I want to make it clear that I believe any AI enhancements that are considered for Fedora need a simple opt-in button, and no AI-based solutions should be the default. (I’ve spoken about this before, recently on the Destination Linux Podcast: https://youtu.be/EJZkJi8qF-M?t=3020) The user base of Fedora and other open source operating systems come to their usage in part due to wanting agency over the technology they use and having ownership and control over their data. The privacy-focused aspects of Fedora have spanned the project’s existence and that must be respected. We cannot ignore AI completely, but we must engage with it thoughtfully and in a way that is respectful of our contributors and user base.

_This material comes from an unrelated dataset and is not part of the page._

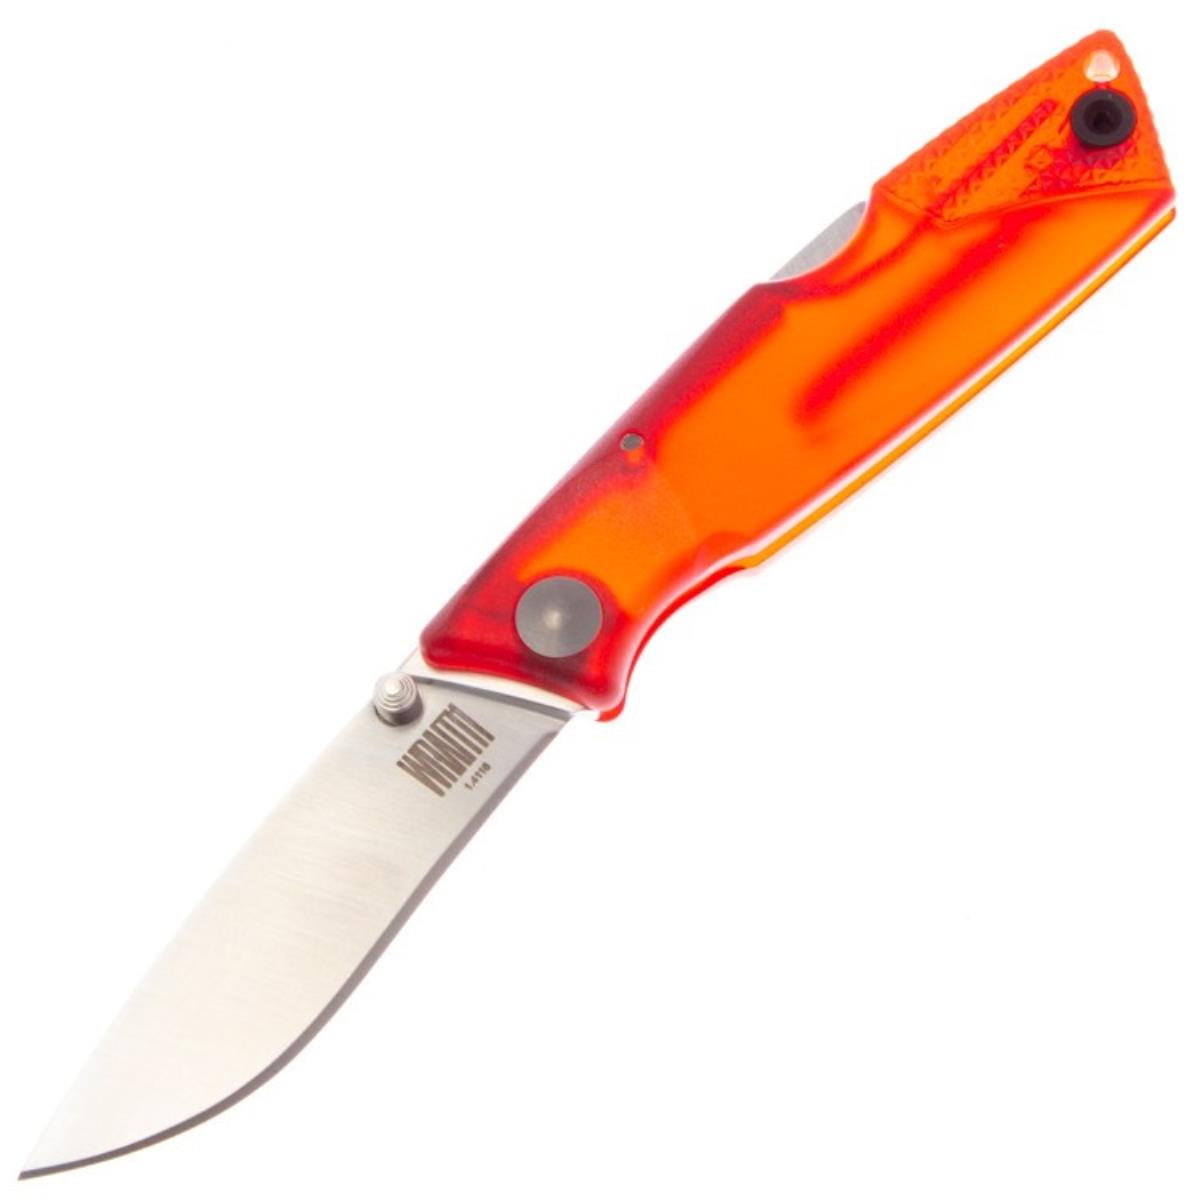 Нож Wraith Ice Series Fire складн.,красная полимерная рукоять, клинок AUS8 (8798RED)  ONTARIO арбузный нож ontario сталь 440c рукоять термопластик zytel® красно синий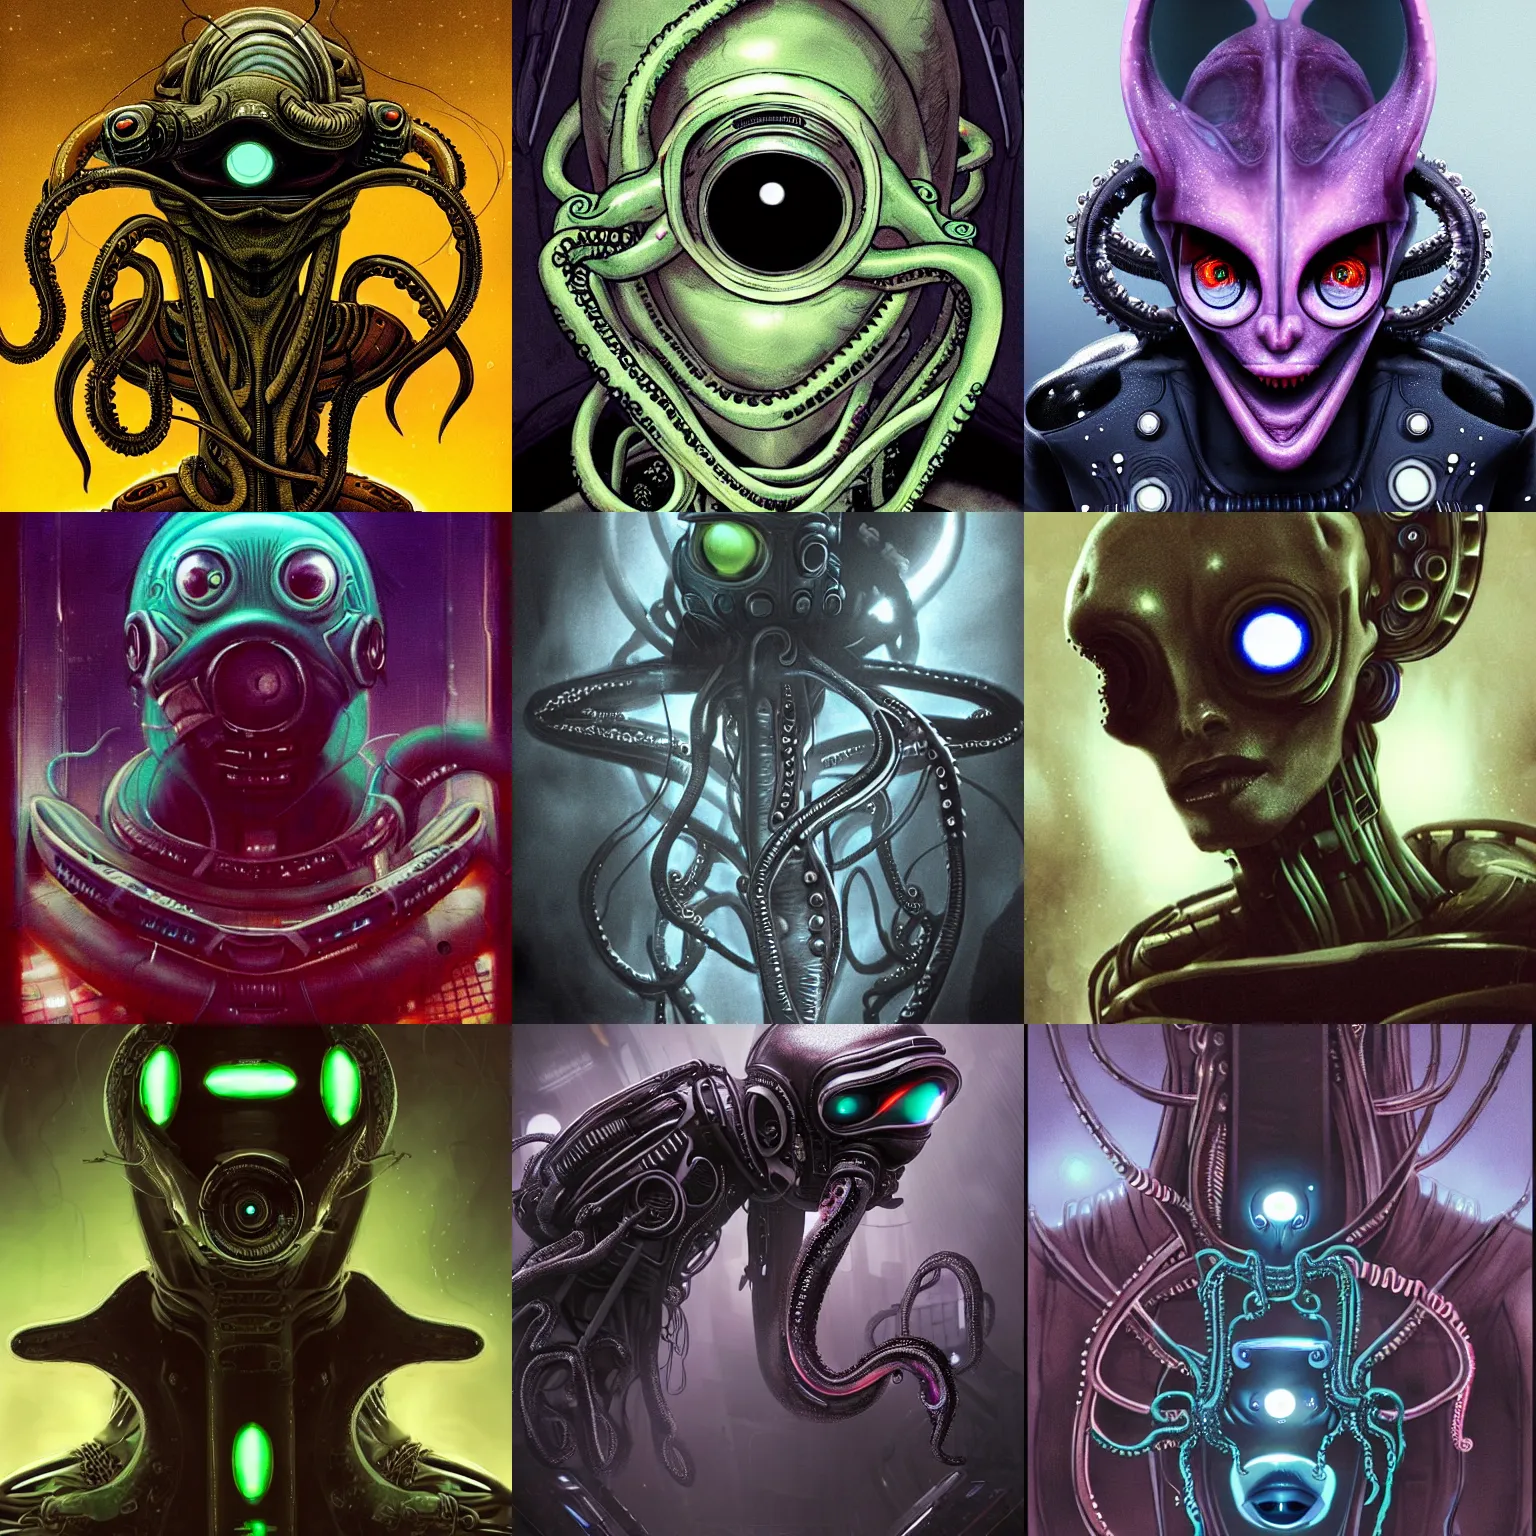 Prompt: 3 eyed alien creature with tentacles, cyberpunk, dystopian, robotic, blade runner

To that end, should you elect to grant me the privilege of a seat to FESCo this term:

  • I intend to vote in opposition to proposals that involve bundling proprietary model weights in Fedora.
  • I intend to vote in opposition to proposals that involve sending Fedora user data to third party AI services.
  • I intend to vote in opposition to proposals to turn AI-powered features on by default in any Fedora release.
  • I intend to vote in favor of proposals to enact AI scraper mitigation strategies and to partner with other open source projects to fight this nuisance.

My core software engineering background is in user experience and usability, and I believe in the potential of small, local models to improve our experience with software without compromising our privacy and agency. I welcome ongoing community input on these principles and other boundaries you’d like to see around emerging technologies in Fedora.

The post F43 FESCo Elections: Interview with Máirín Duffy (duffy/mizmo) appeared first on Fedora Community Blog.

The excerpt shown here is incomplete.